Find out where you stand by ordering your free credit report. You can order a free report once a year from one of the big three - Experian, Equifax or TransUnion - or via other online sources. The report will list loans and credit cards, both current and closed. Don't be intimidated. Your credit report can easily be dozens of pages long. Your detailed payment histories and balances are listed, and any late payments or accounts in default are flagged. First make sure all of the accounts are yours and have the correct status. The Consumer Financial Protection Bureau has a lot of good information on how to spot errors and get them corrected: CFSB: Common credit report errors.

DO NOT IGNORE errors. They are weighing on your credit and hindering your ability to compete with other tenants in a tight rental market. In four months, order another report, this time from one of the other companies. Read the report in detail again. See if the corrections are done. If you spot unknown accounts, you may be a victim of Identity theft. Deal with all issues immediately. In another four months, go to the third company for another free report. The corrections process moves slowly, but if you remain diligent, you will prevail.

What if my report is negative? Landlords are typically looking for on time payments and credit utilization. If the late payments are due to unique circumstances such as an illness, write it all down for your Real Estate Agent. Providing context may help the Landlord understand this is a one-off event. Credit utilization could be another bump in the road. It is the amount you owe, as compared to your credit limits.

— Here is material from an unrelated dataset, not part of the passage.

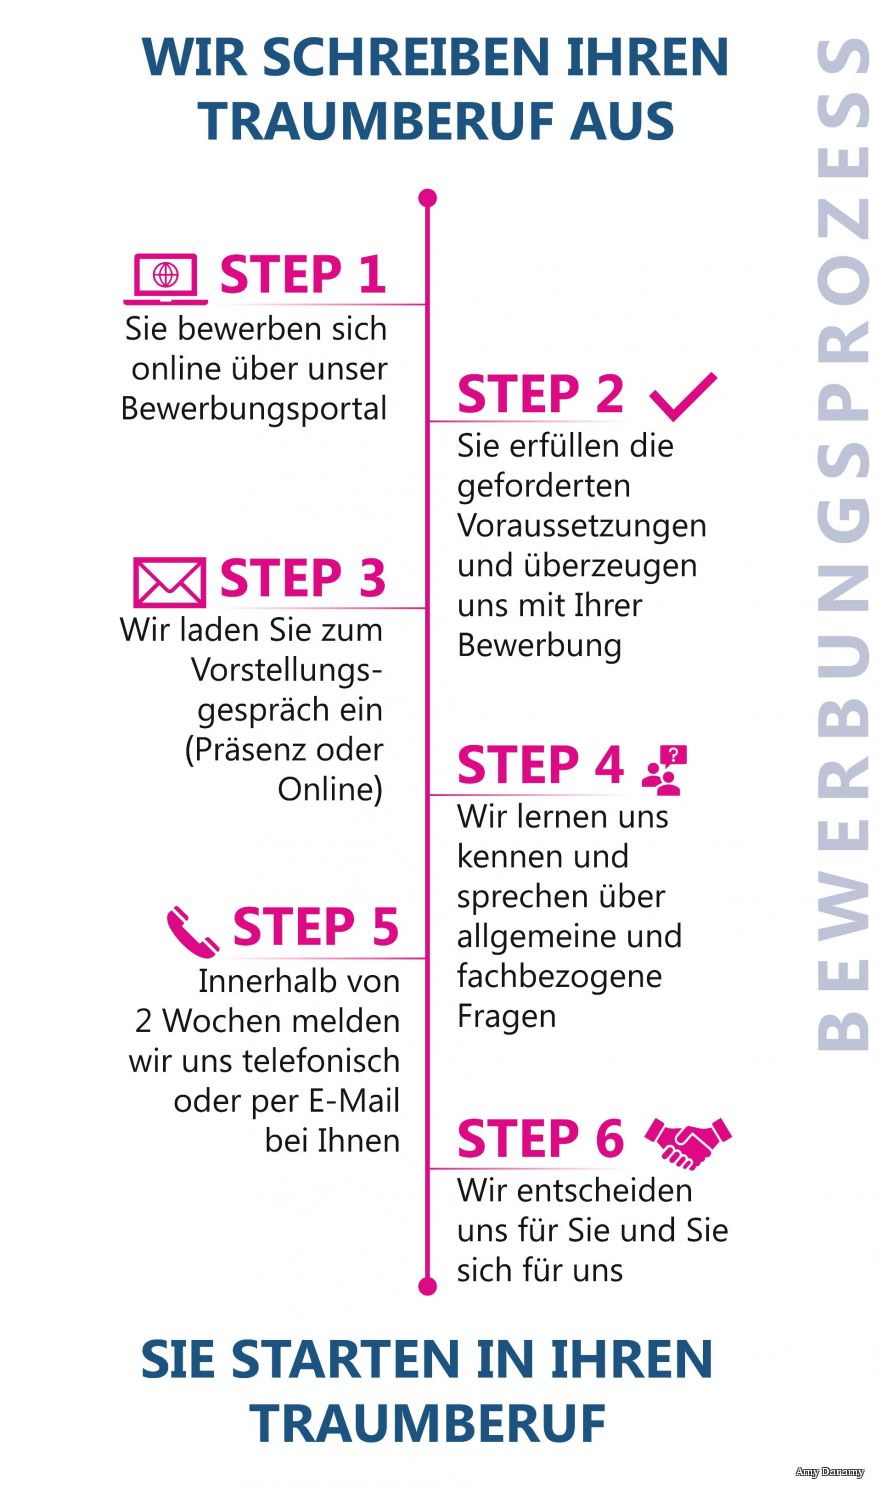 Das Bild zeigt alle Schritte des Bewerbungsprozesses beim Kreis Paderborn. Wir schreiben Ihren Traumberuf aus. Step 1: Sie bewerben sich online über unser Bewerbungsportal. Step 2: Sie erfüllen die geforderten Voraussetzungen und überzeugen uns mit Ihrer Bewerbung. Step 3: Wir laden Sie zum Vorstellungsgespräch ein (Präsenz oder Online). Step 4: Wir lernen uns kennen und sprechen über allgemeine und fachbezogene Fragen. Step 5: Innerhalb von zwei Wochen melden wir uns telefonisch oder per E-Mail bei Ihnen. Step 6: Wir entscheiden uns für Sie und Sie sich für uns. Sie starten in Ihren Traumberuf. 
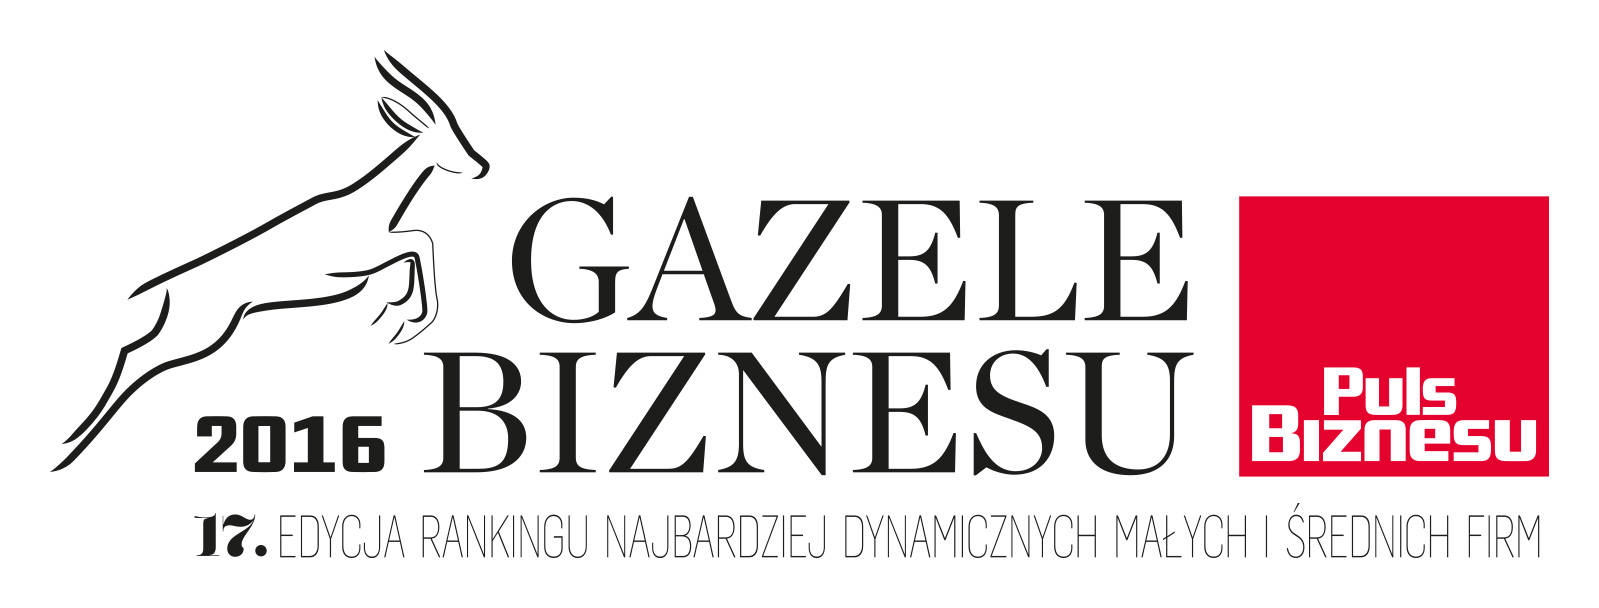 Gazelee Biznesu 2016

If you have maxed out your credit cards, you'll be close to 100%. That may have been great in biology class, but it's a big problem now. The landlord is looking for a number below 30%. Again, if there was a one time event, explain it. Be honest. If the Landlord doubts your story, they will just move on to the next applicant.

Your Credit Score and your Credit Report are two different things. Typically you pay for your Score with the credit reporting agencies. Free options may be available with your credit card, or search online. Just be careful and read the fine print. You may have to agree to regular email offers to get a free score, or the score may be free only with a paid service. Many rental listings require a score of 650 or 720 in order to be considered. If your number is lower, you need to improve it. There are all sorts of online resources. Stick with the reliable ones and don't pay for help. The basics: stop using your cards, pay on time every month, and pay more than the minimum. One thing you probably should not do is close a card with a zero balance. That will increase your credit usage. Wait until your score improves. This takes time. Lastly, if your situation is dire, there are resources available to you. Be patient and don't give up.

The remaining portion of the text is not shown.